Previous research has shown that tooth loss is associated with various health problems, including digestive issues. This study builds on that by being more specific—it’s the first to look at actual chewing capacity (using functional tooth units) rather than just tooth count. Earlier studies suggested tooth loss might affect gallstone risk, but this research provides stronger evidence by using a more accurate measurement of chewing ability.

This study has several important limitations. First, it’s a snapshot in time, so researchers can’t prove that poor chewing causes gallstones—only that they’re connected. People with gallstones might have started chewing poorly because of other health problems, not the other way around. Second, the study relied on people’s current tooth status, but didn’t know when they lost teeth or why, which could affect the results. Third, the researchers didn’t have detailed information about people’s diets or eating habits, which could influence both chewing ability and gallstone risk. Finally, the study couldn’t determine the exact biological reasons why chewing ability might affect gallstone formation.

The Bottom Line

Based on this research, maintaining healthy teeth and good chewing ability appears to be associated with lower gallstone risk. If you have missing teeth, discussing replacement options (like dentures or implants) with your dentist might be worthwhile. However, this study shows association, not causation, so tooth care should be one part of overall health maintenance, not a guaranteed gallstone prevention strategy. Confidence level: Moderate—the finding is consistent and based on a large sample, but more research is needed to confirm causation.

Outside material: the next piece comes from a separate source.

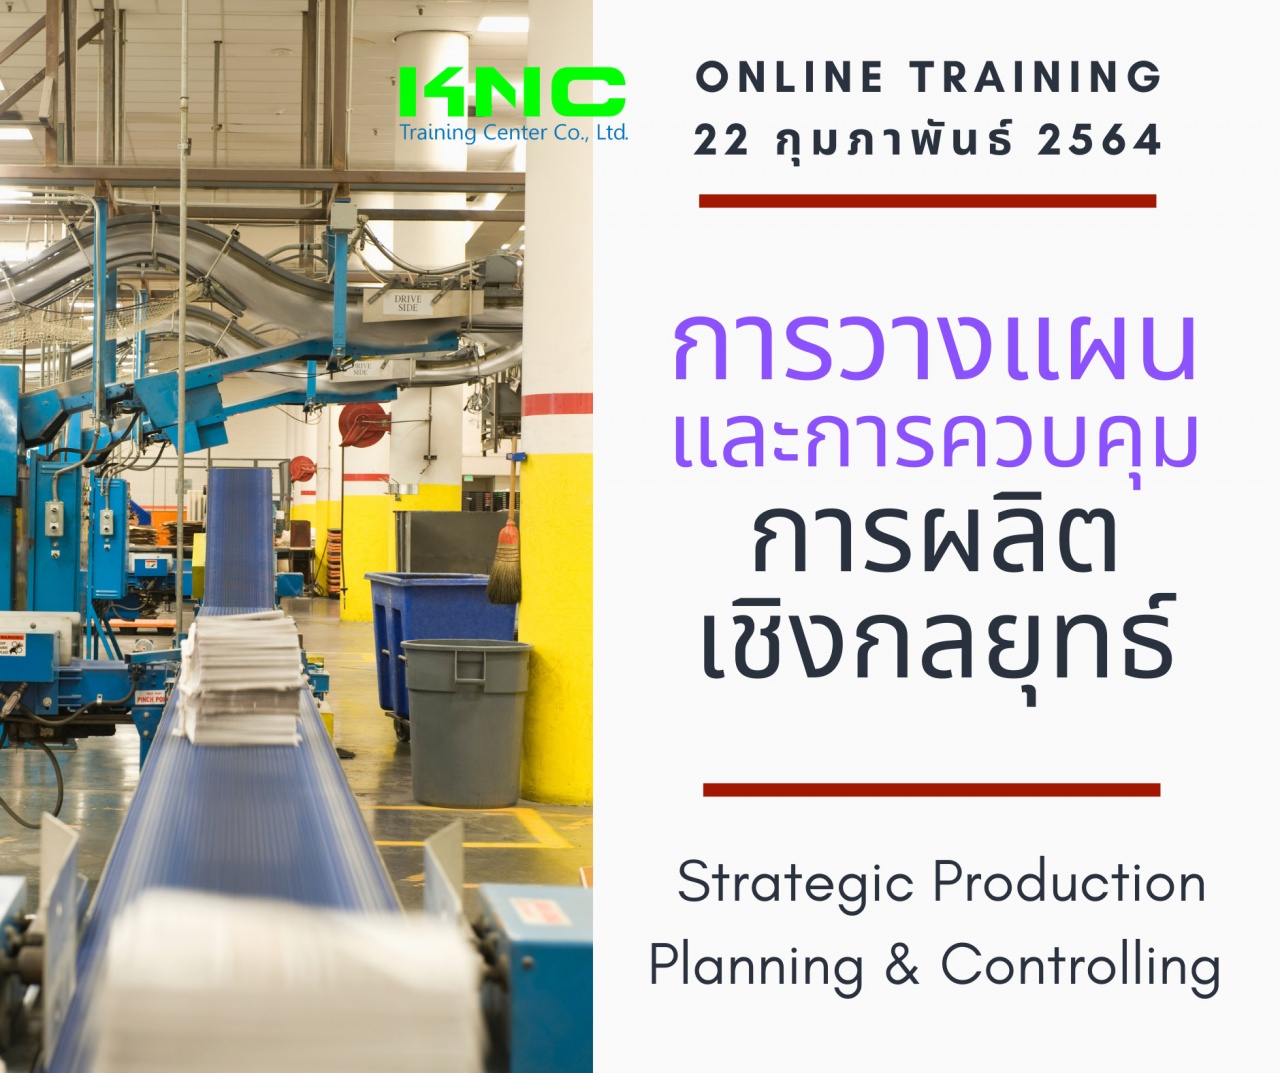 สัมมนา Online : การวางแผนและการควบคุมการผลิตเชิงกลยุทธ์ (Strategic Production Planning & Controlling)
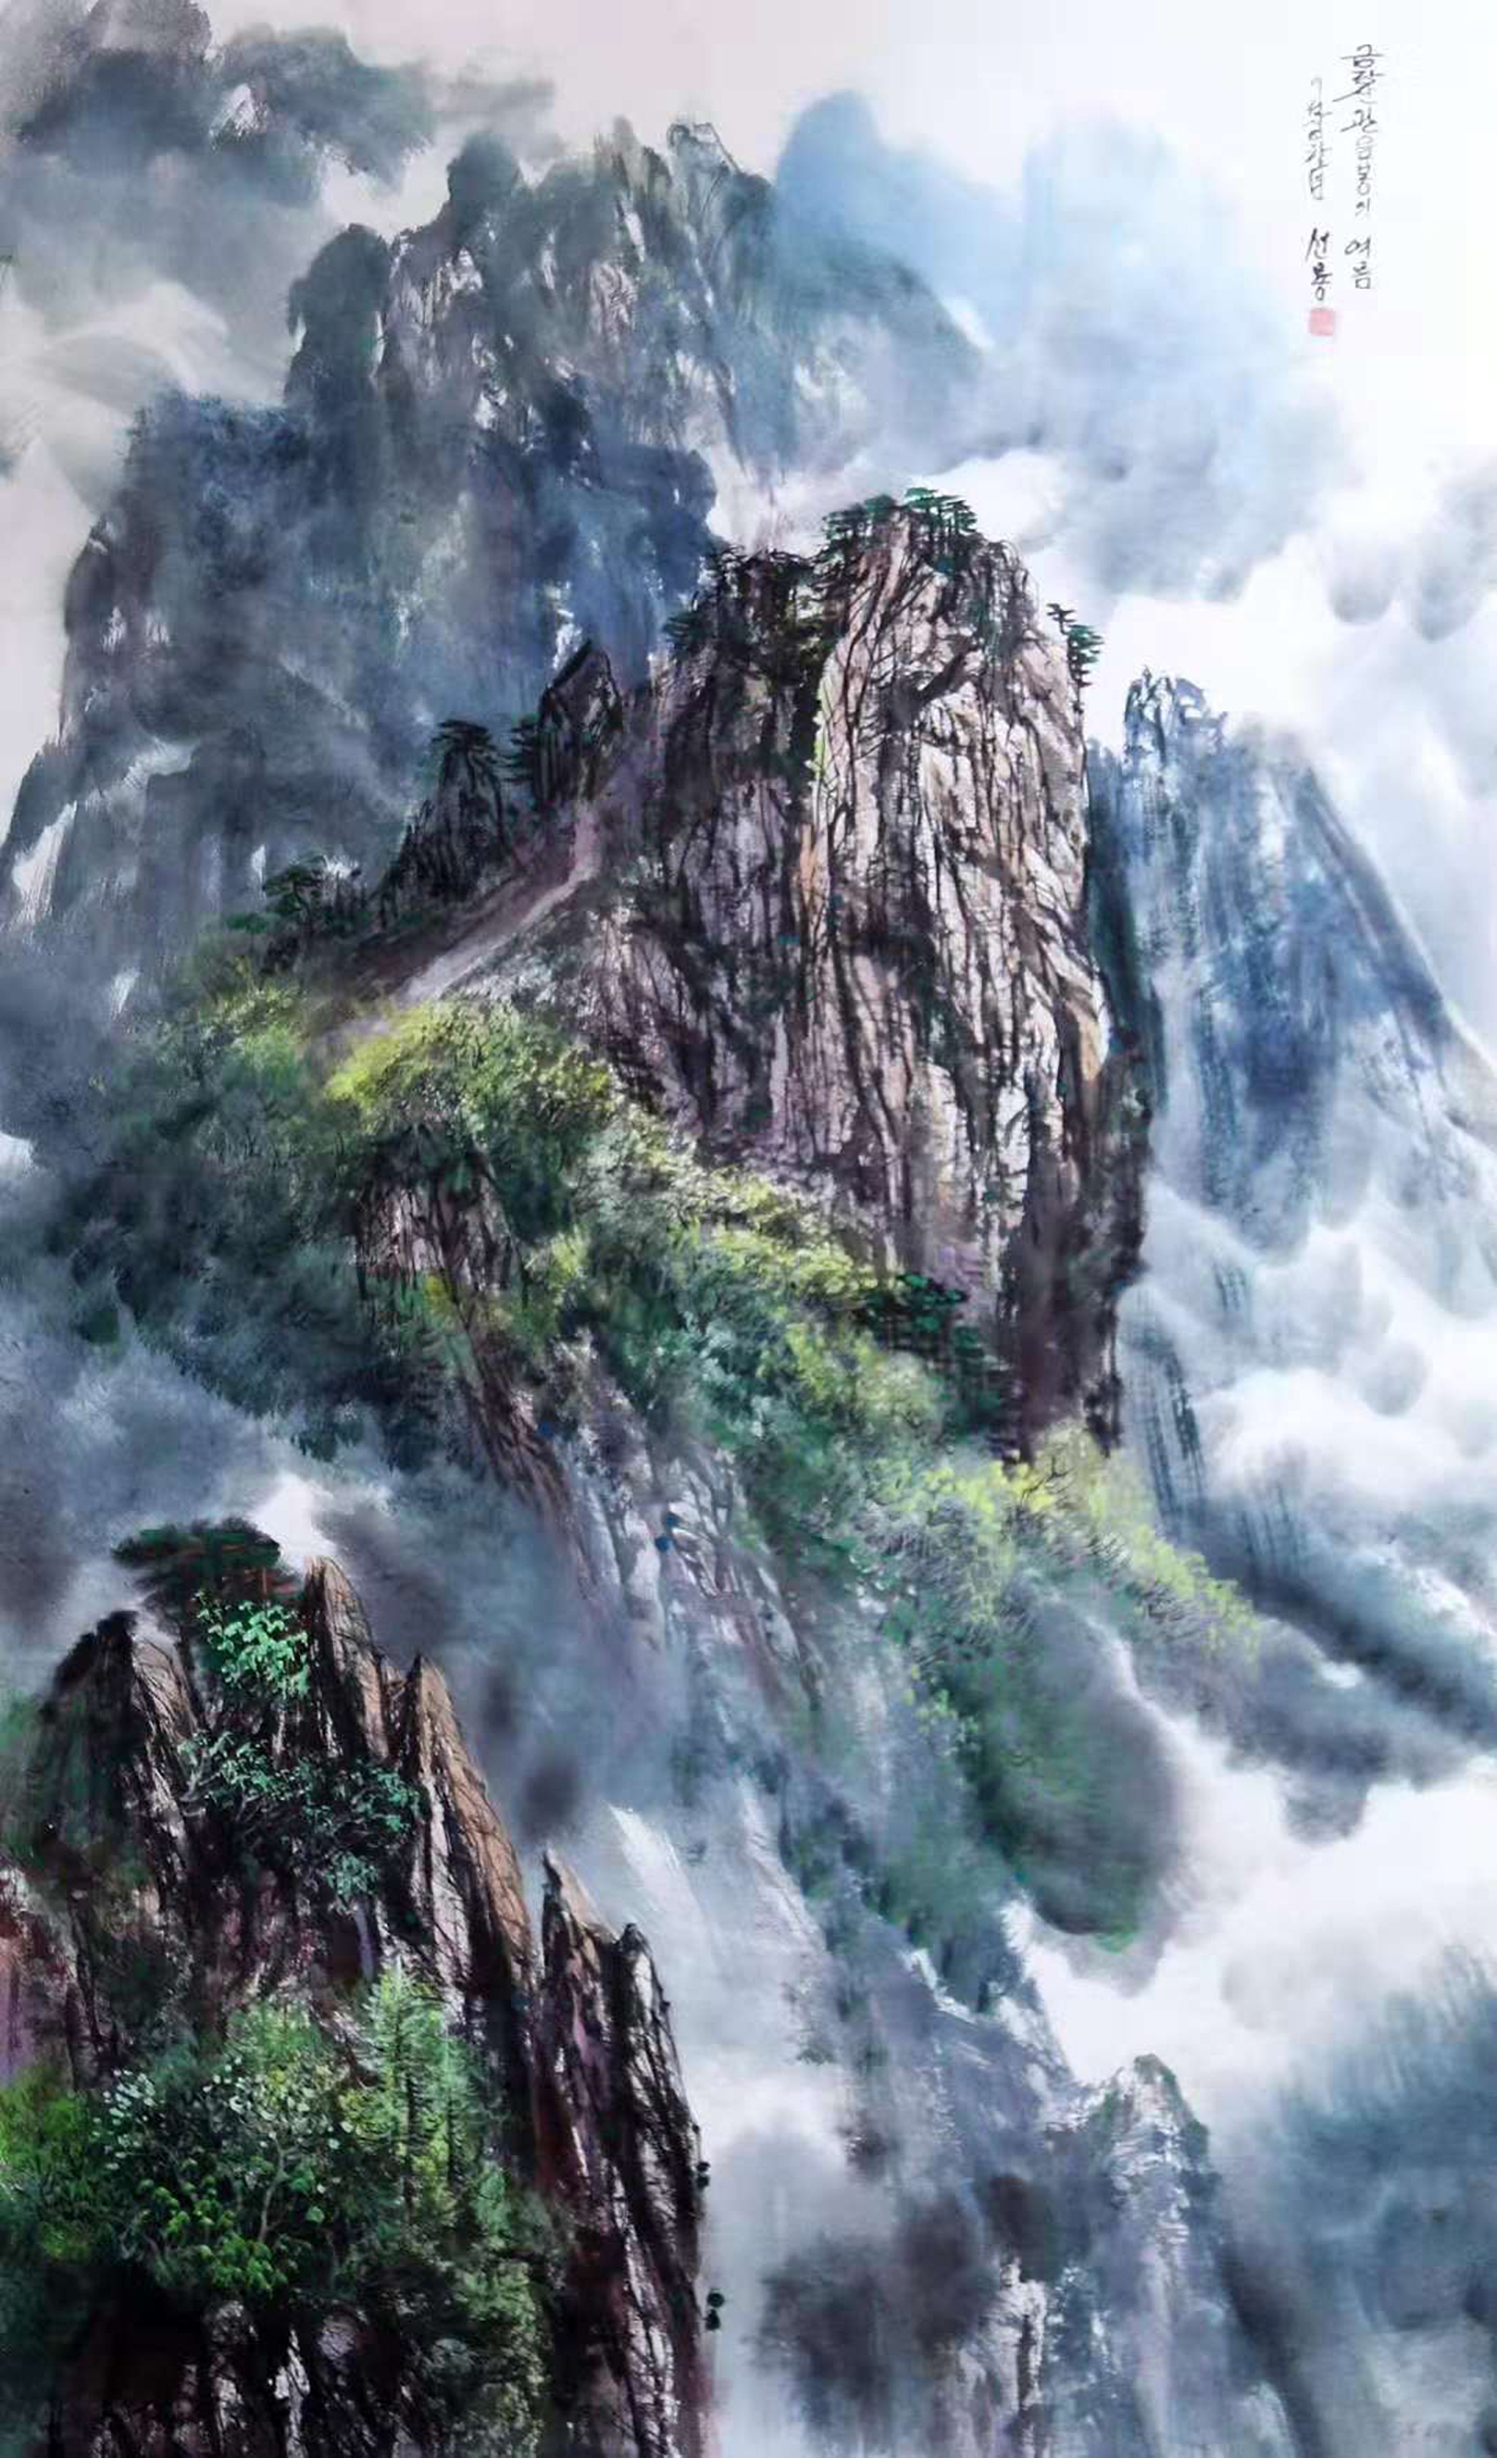 水墨山水画:一组用彩墨描绘瀑布山川的山水画,请欣赏

This research is most relevant for people who have lost teeth or have poor dental health and are concerned about gallstone risk. It’s also important for dentists and doctors to understand the broader health impacts of tooth loss. People with a family history of gallstones or other risk factors should pay special attention. However, this doesn’t mean people with healthy teeth won’t get gallstones—many other factors contribute to gallstone formation.

If you improve your chewing ability by replacing missing teeth or improving dental health, you wouldn’t expect immediate changes in gallstone risk. The protective effect likely builds over time as your overall digestive health improves. Any benefits would probably take months to years to develop, similar to other preventive health measures.

Want to Apply This Research?

  • Track your dental health status monthly by noting: number of natural teeth, any missing teeth, denture/implant status, and any chewing difficulties. Rate your chewing ability on a scale of 1-10 for different food types (hard, chewy, soft).
  • Set a reminder to schedule regular dental checkups every 6 months. If you have missing teeth, use the app to track progress toward getting them replaced. Log any changes in your ability to chew different foods, which can help you and your doctor monitor your digestive health.
  • Create a quarterly review where you assess your overall dental health status and any changes in digestion or gallbladder-related symptoms. Use the app to correlate any improvements in chewing ability with changes in digestive comfort. Share this data with both your dentist and doctor to help them understand your complete health picture.

This study shows an association between chewing ability and gallstone risk but does not prove that poor chewing causes gallstones. This research is for informational purposes only and should not replace professional medical advice. If you have concerns about gallstones, tooth loss, or digestive health, consult with your doctor or dentist. Do not make decisions about dental treatment or gallstone prevention based solely on this study. Individual risk factors vary greatly, and what applies to the general population may not apply to you specifically.